185  Sigmoid and Tanh Activations

The logistic sigmoid and the hyperbolic tangent are the two classical bounded nonlinearities that dominated neural network design from the 1980s through the early 2010s. Although the rectified linear family has since displaced them in the hidden layers of most feedforward and convolutional architectures, sigmoid and tanh remain indispensable in specific roles: probability outputs, gating mechanisms in recurrent and attention based models, and any setting where a smooth saturating squashing function is required. Understanding their analytic properties, and in particular the way they fail, is foundational for diagnosing training pathologies and for appreciating why later designs took the shape they did.
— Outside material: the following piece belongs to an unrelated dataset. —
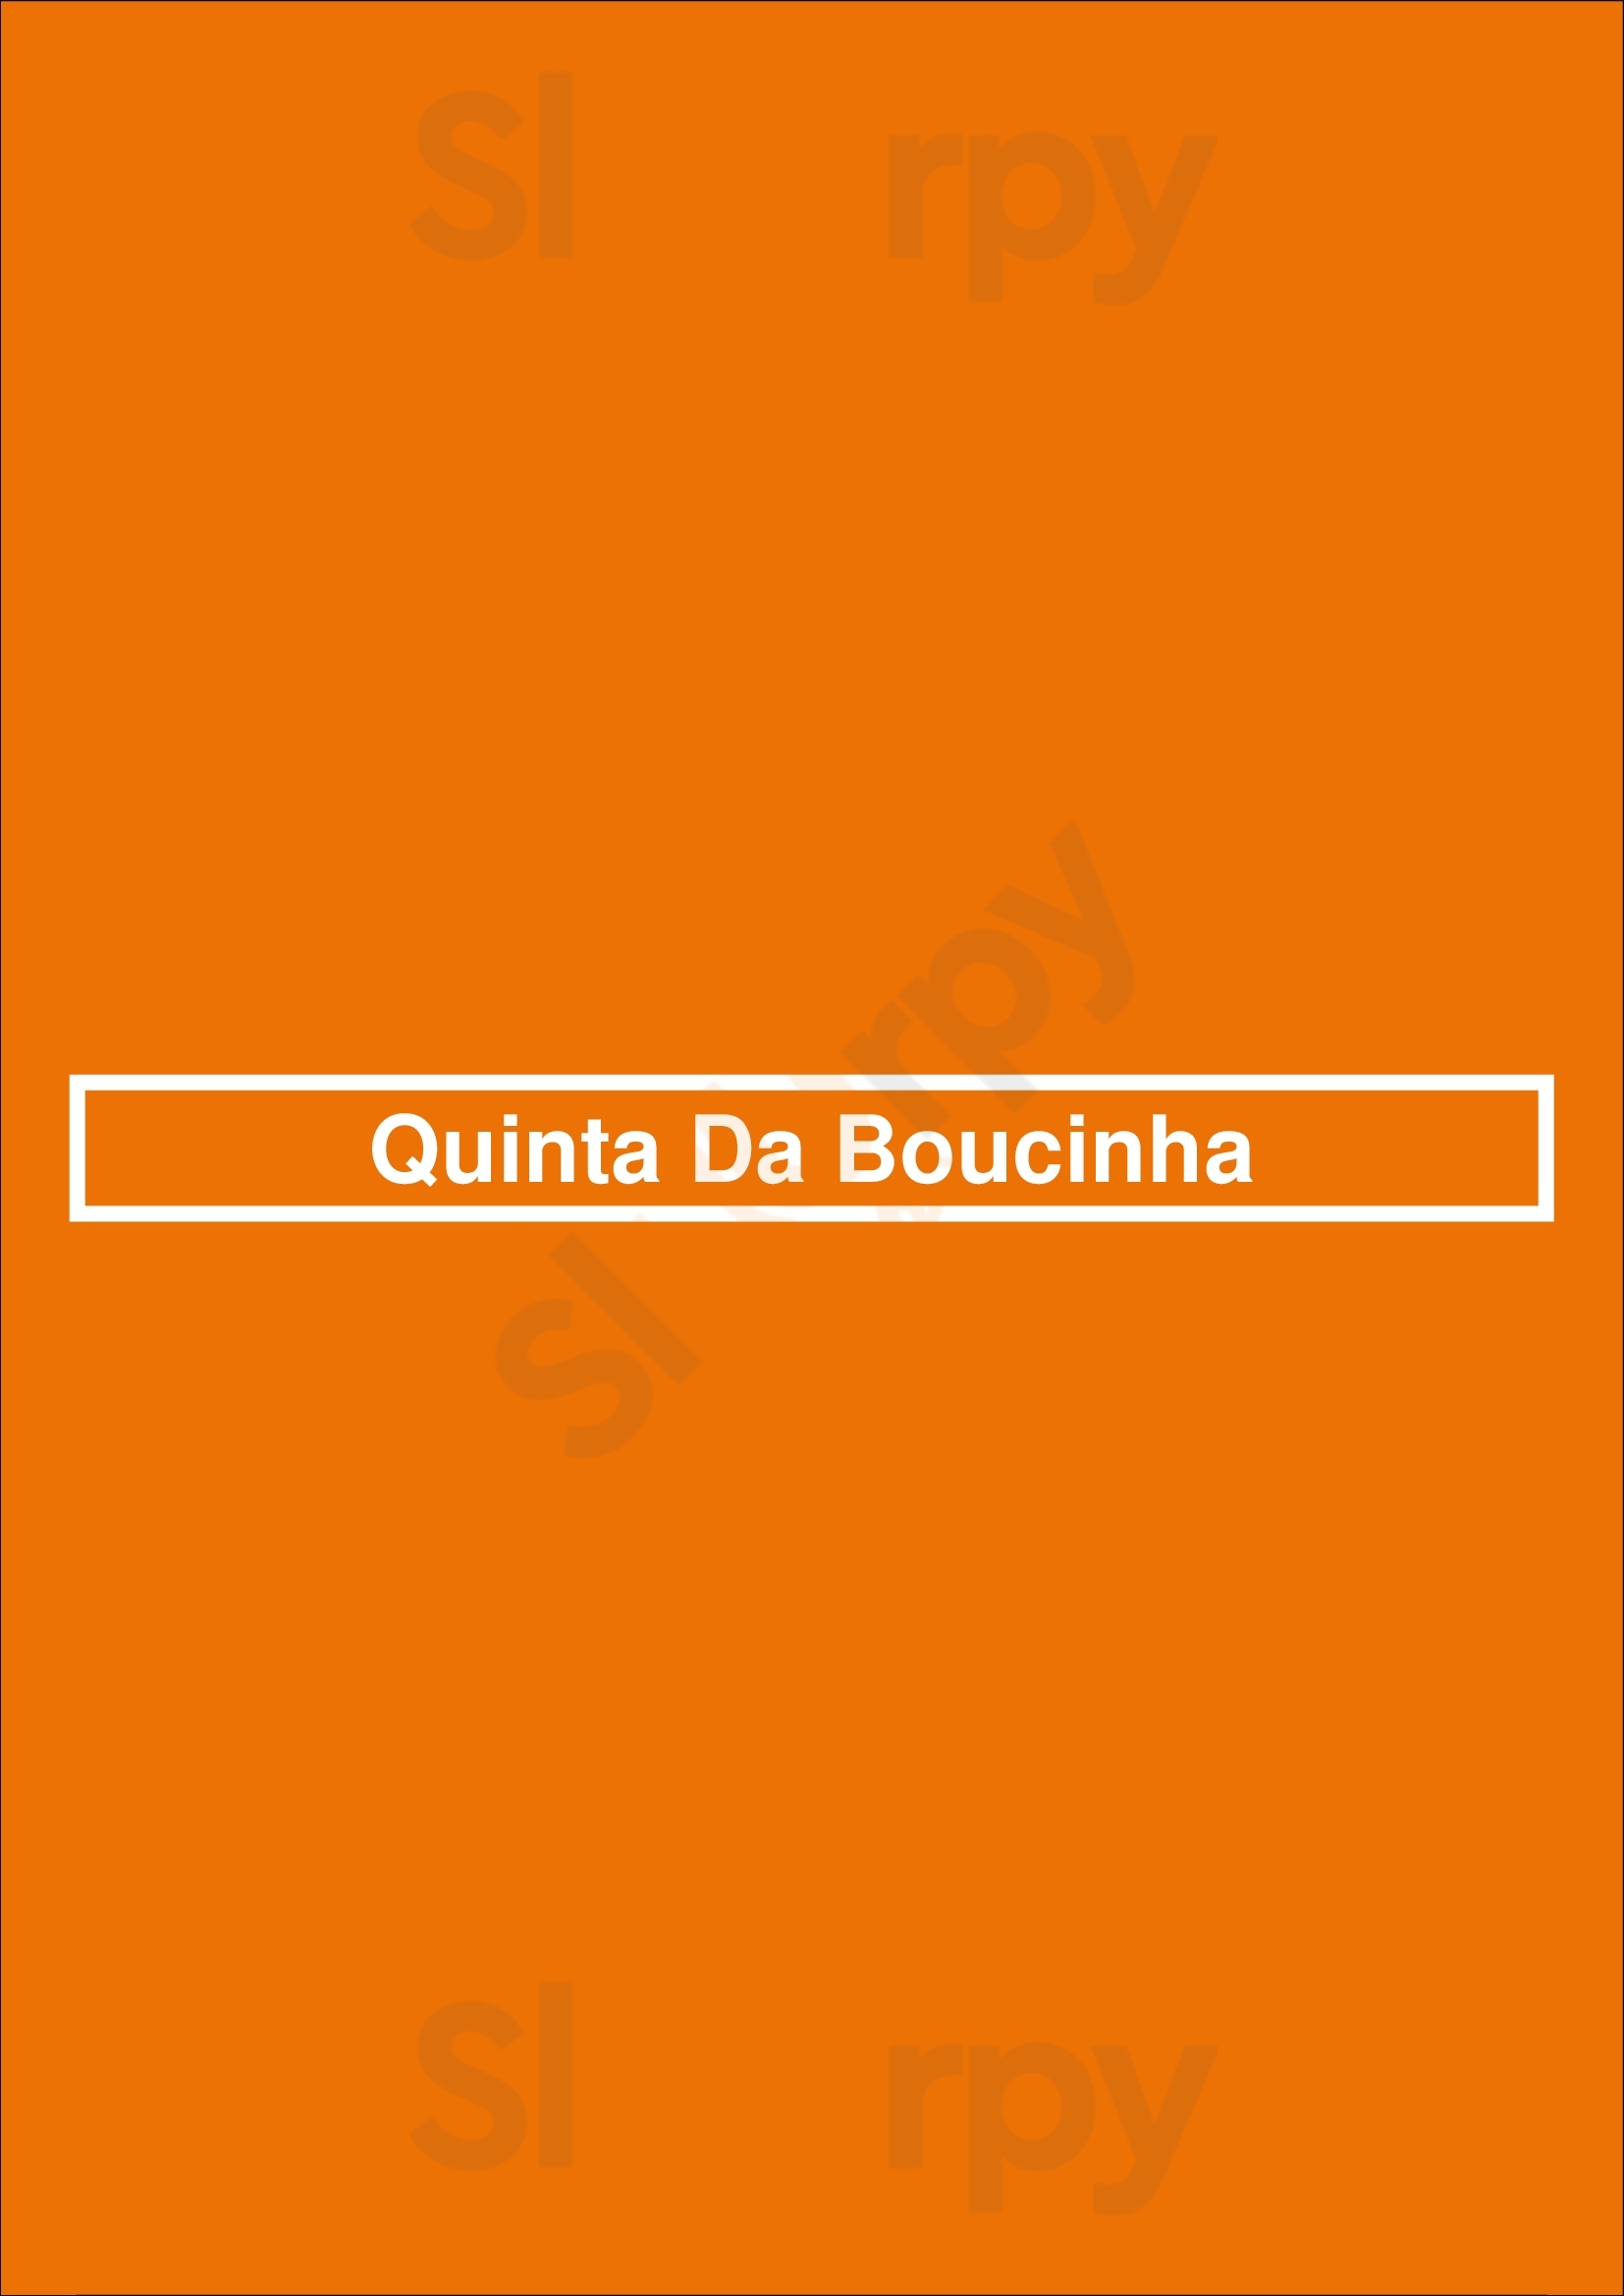 Quinta Da Boucinha Vila Nova de Gaia Menu - 1

185.1 1. Definitions and Analytic Properties

185.1.1 1.1 The Logistic Sigmoid

The logistic sigmoid maps the real line onto the open interval \((0, 1)\):

\[ \sigma(x) = \frac{1}{1 + e^{-x}}. \]

It is monotonically increasing, infinitely differentiable (it is real analytic), and antisymmetric about the point \((0, \tfrac{1}{2})\), meaning \(\sigma(-x) = 1 - \sigma(x)\). As \(x \to +\infty\) the output approaches \(1\), and as \(x \to -\infty\) it approaches \(0\). The value at the origin is exactly \(\tfrac{1}{2}\). Because its range coincides with the unit interval, \(\sigma(x)\) is naturally read as a probability, which is the reason it serves as the output nonlinearity for binary classification and for the marginal probabilities in multilabel problems.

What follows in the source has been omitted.